I was able to copy the files using
shutil.copy(doc,newpath)
To replace the last four lines - but I have not been able to figure out why I can't read the file as a string and then write it in a new location.
One thing I did was compare what was read from the source to what the file content was after a read after it had been written:
>>> newstring = open(newpath + '\\' +fileName).read()
>>> newstring == fstring
True
So it does not appear the content was changed?
I have not been able to figure out why I can't read the file as a string and then write it in a new location.
Please be aware that PDF is a binary file format, not a text file format. Methods treating files (or data in general) as text may change it in different ways, especially:
Reading data as text interprets bytes and byte sequences as characters according to some character encoding. Writing text back as data again transforms according some character encoding, too.
If the applied encodings differ, the result obviously differs from the original file. But even if the same encoding was used, differences can creep in: If the original file contains bytes which have no meaning in the applied encoding, some replacement character is used instead and the final result file contains the encoding of that replacement character, not the original byte sequence. Furthermore some encodings have multiple possible encodings for the same character. Thus, some input byte sequence may be replaced by some other sequence representing the same character in the output.
End-of-line sequences may be changed according to the preferences of the platform.

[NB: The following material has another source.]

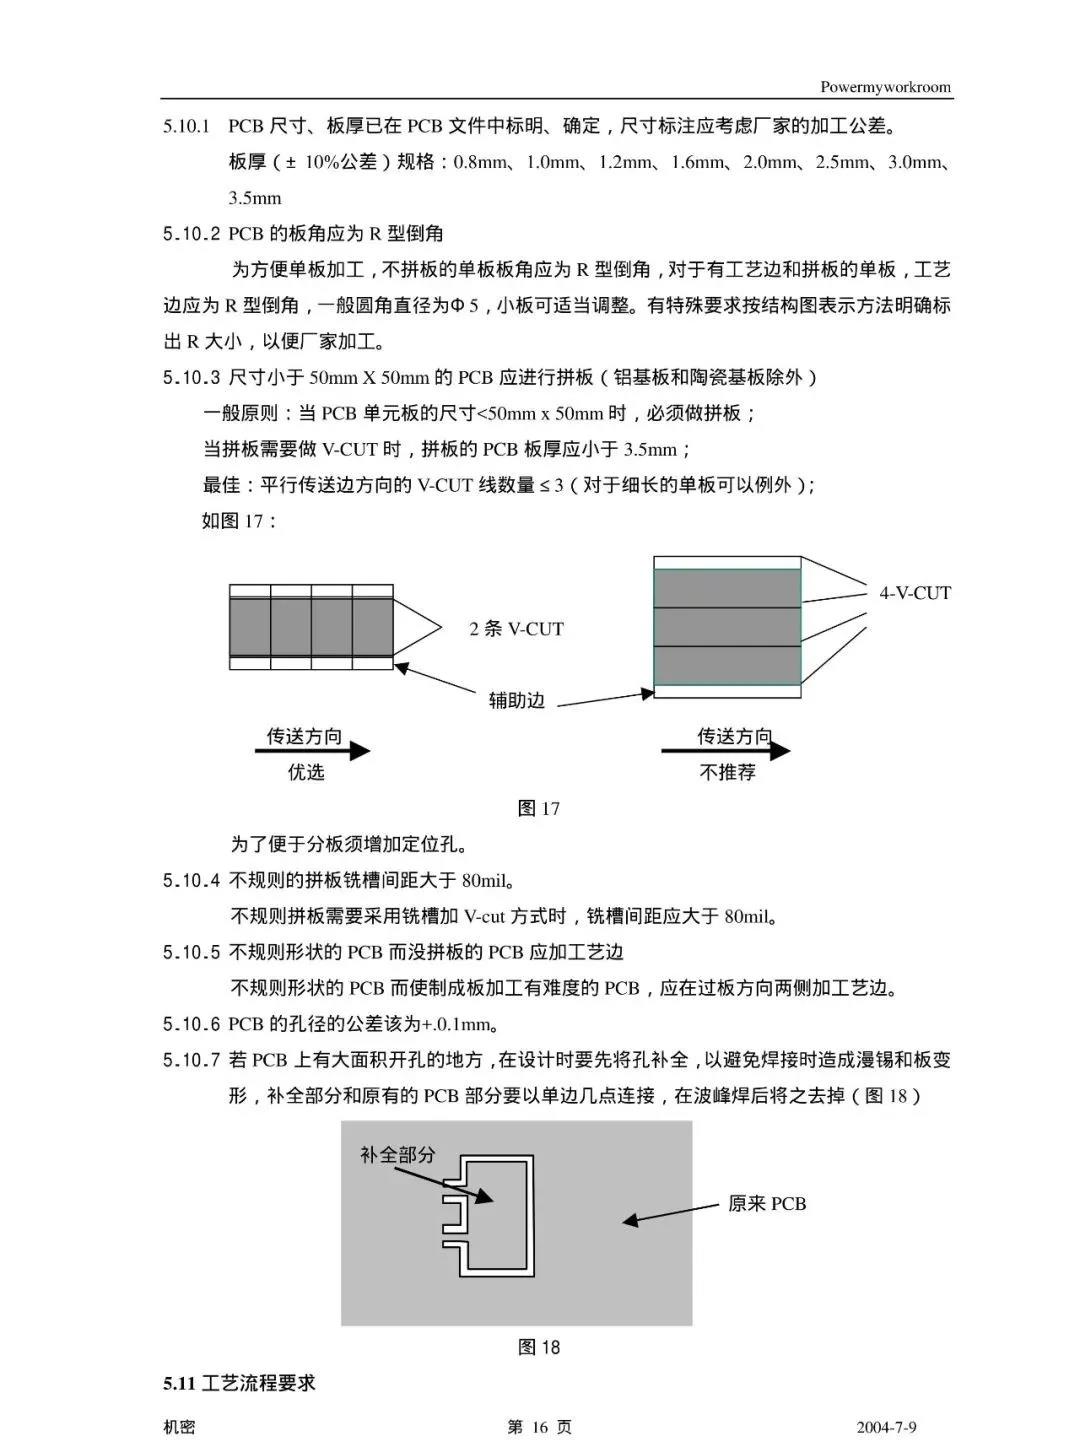 PCB 工艺设计规范(图17)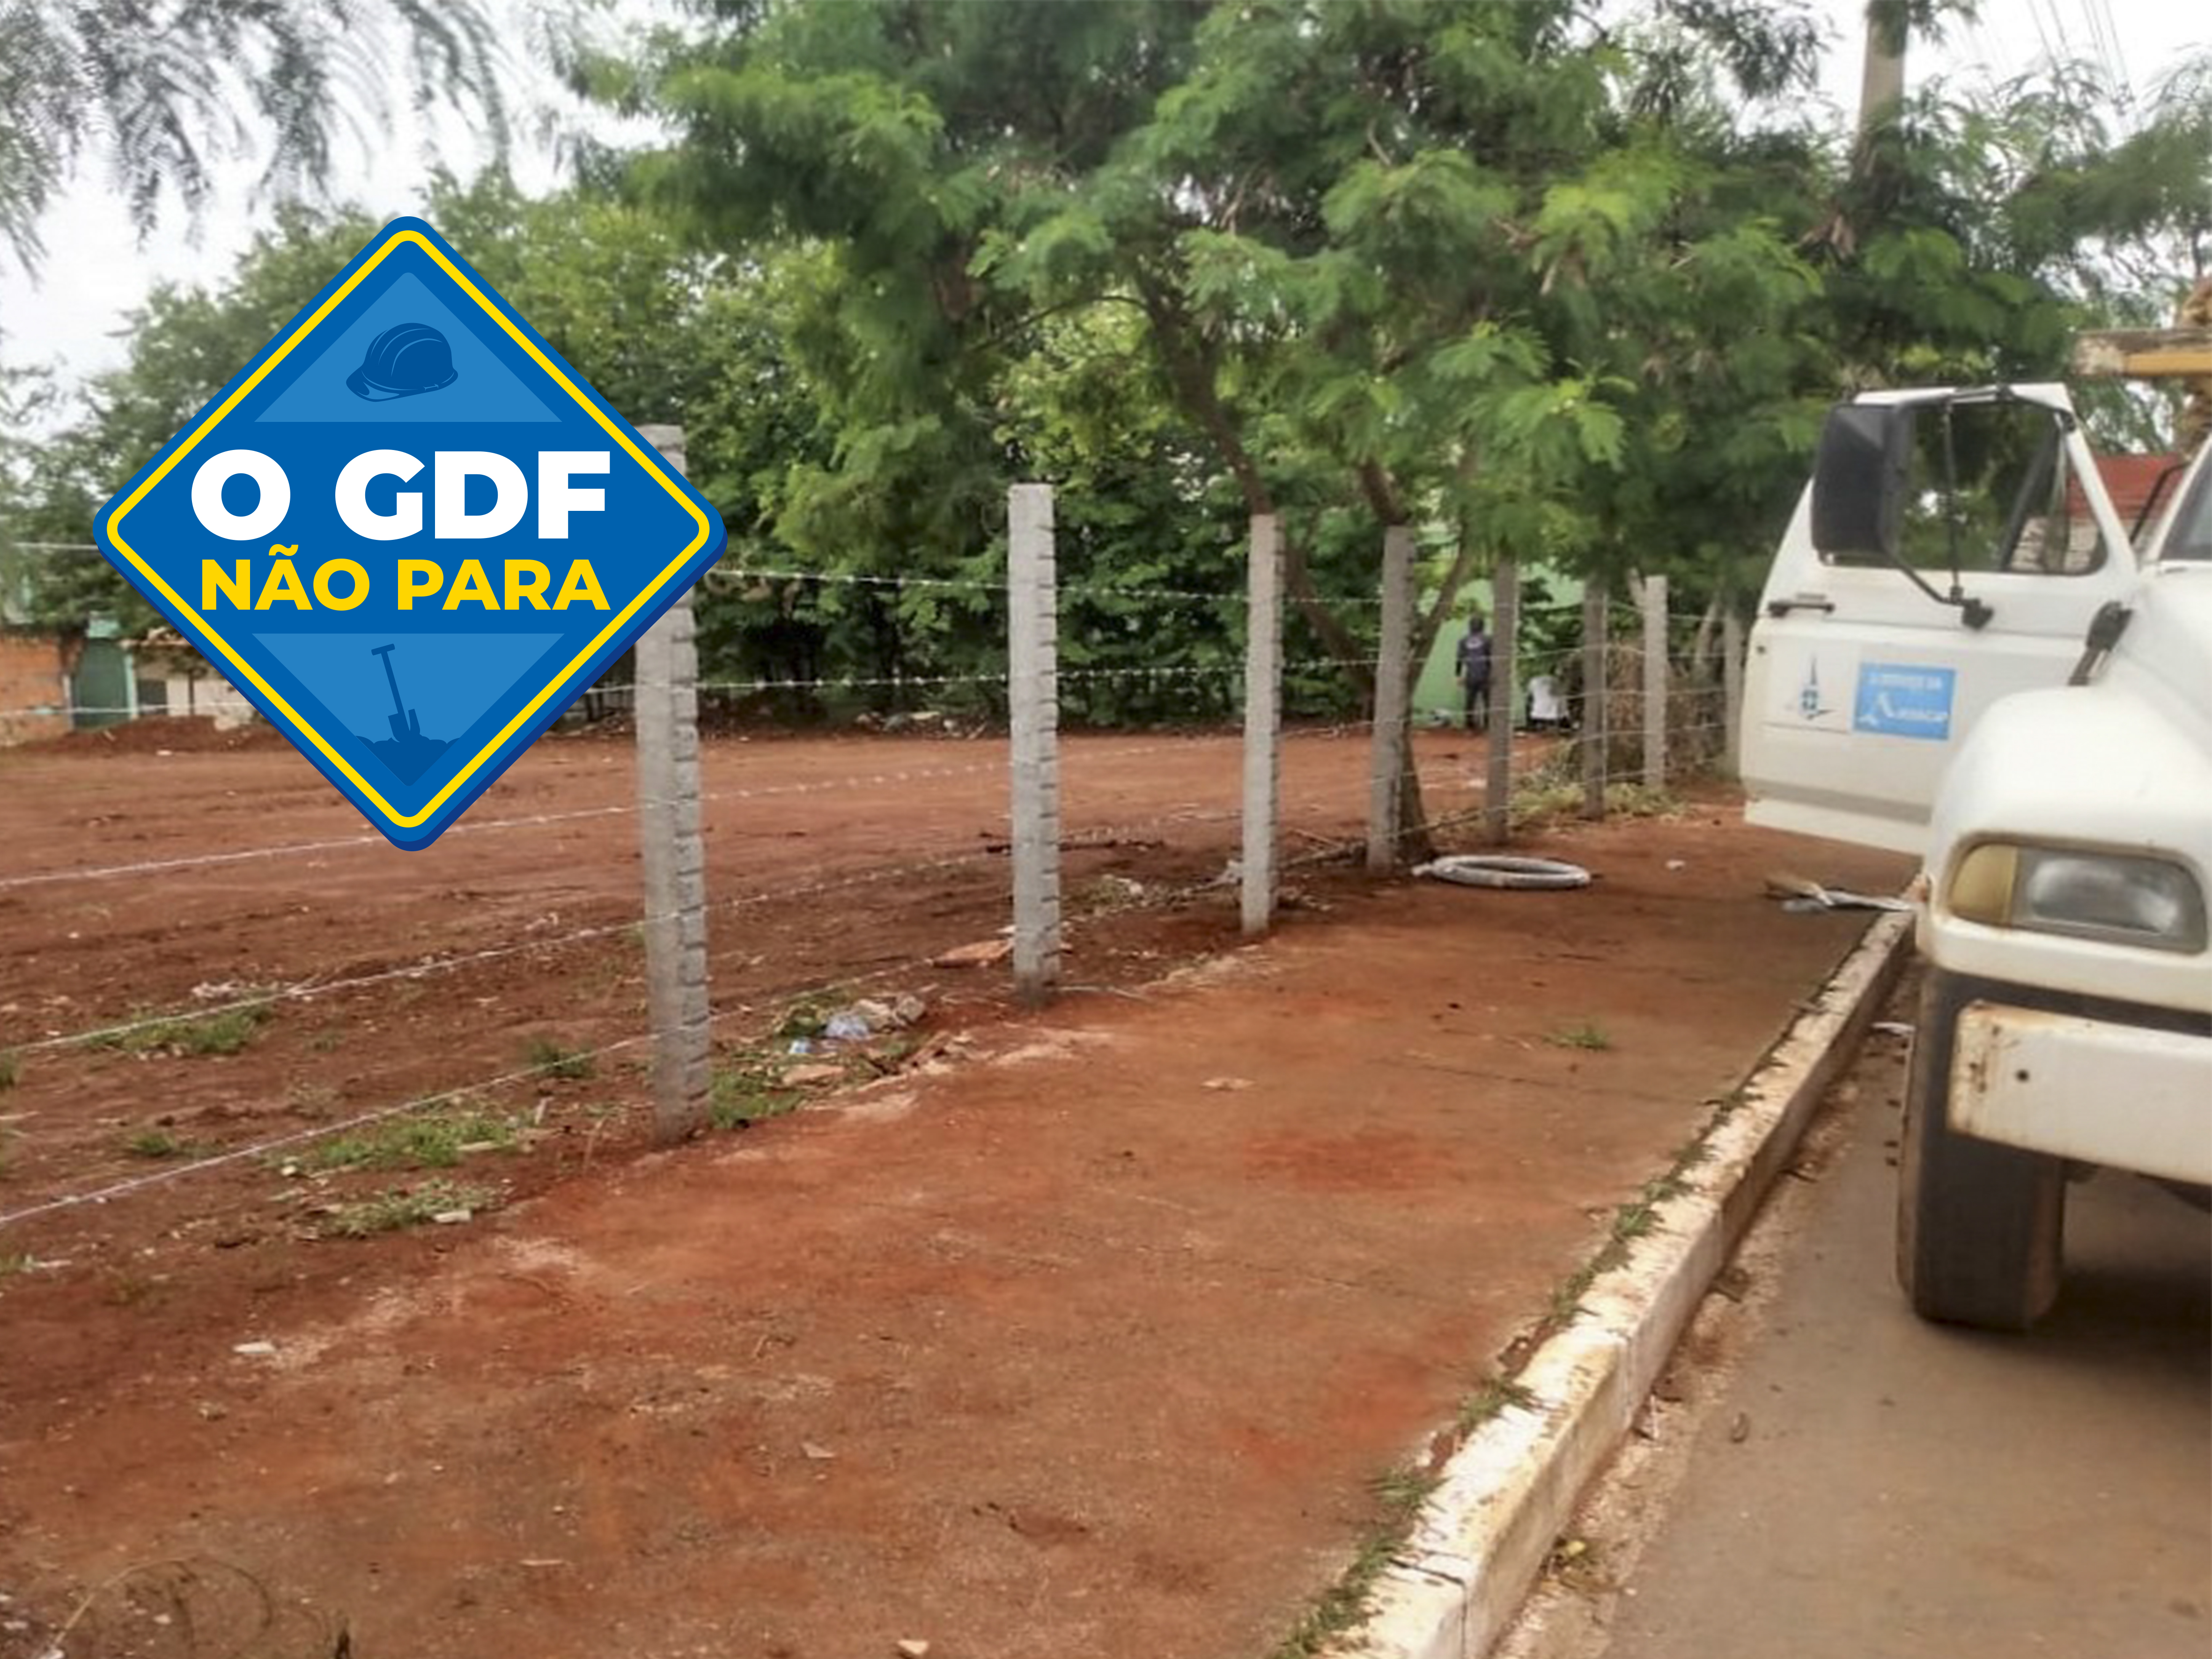 Área pública cercada pelo GDF Presente em Ceilândia era usada irregularmente para descarte de entulhos e inservíveis | Foto: Divulgação/GDF Presente

Binary files may contain different byte sequences used as end-of-line marker on one or the other platform, e.g. CR, LF, CRLF, ... Methods treating the data as text may replace all of them by the one sequence favored on the local platform. But as these bytes in binary files may have a different meaning than end-of-line, this replacement may be destructive.
Control characters in general may be ignored
In many encodings the bytes 0..31 have meanings as control characters. Methods treating binary data as text may interpret them somehow which may result in a changed output again.
All these changes can utterly destroy binary data, e.g. compressed streams inside PDFs.
You could try using binary mode for reading files by also opening them with a b in the mode string. Using binary mode both while reading and writing may solve your issue.
One thing I did was compare what was read from the source to what the file content was after a read after it had been written:
>>> newstring = open(newpath + '\\' +fileName).read()
>>> newstring == fstring
True
So it does not appear the content was changed?
Your comparison also reads the files as text. Thus, you do not compare the actual byte contents of the original and the copied file but their interpretations according to the encoding assumed while reading them. So damage has already been done on both sides of your comparison.
You should use shutil to copy files. It is platform aware and you avoid problems like this.
But you already discovered that.
You would be better served using with to open and close files. Then the files are opened and closed automatically. It is more idiomatic:
with open(doc, 'rb') as fin, open(fn_out, 'wb') as fout:
fout.write(fin.read()) # the ENTIRE file is read with .read()
If potentially you are dealing with a large file, read and write in chunks:
with open(doc, 'rb') as fin, open(fn_out, 'wb') as fout:
while True:
chunk=fin.read(1024)
if chunk:
fout.write(chunk)
else:
break
Note the 'rb' and 'wb' arguments to open. Since you are clearly opening this file under Windows, that prevents the interpretation of the file into a Windows string.
You should also use os.path.join rather than newpath + '\\' +fileName type operation.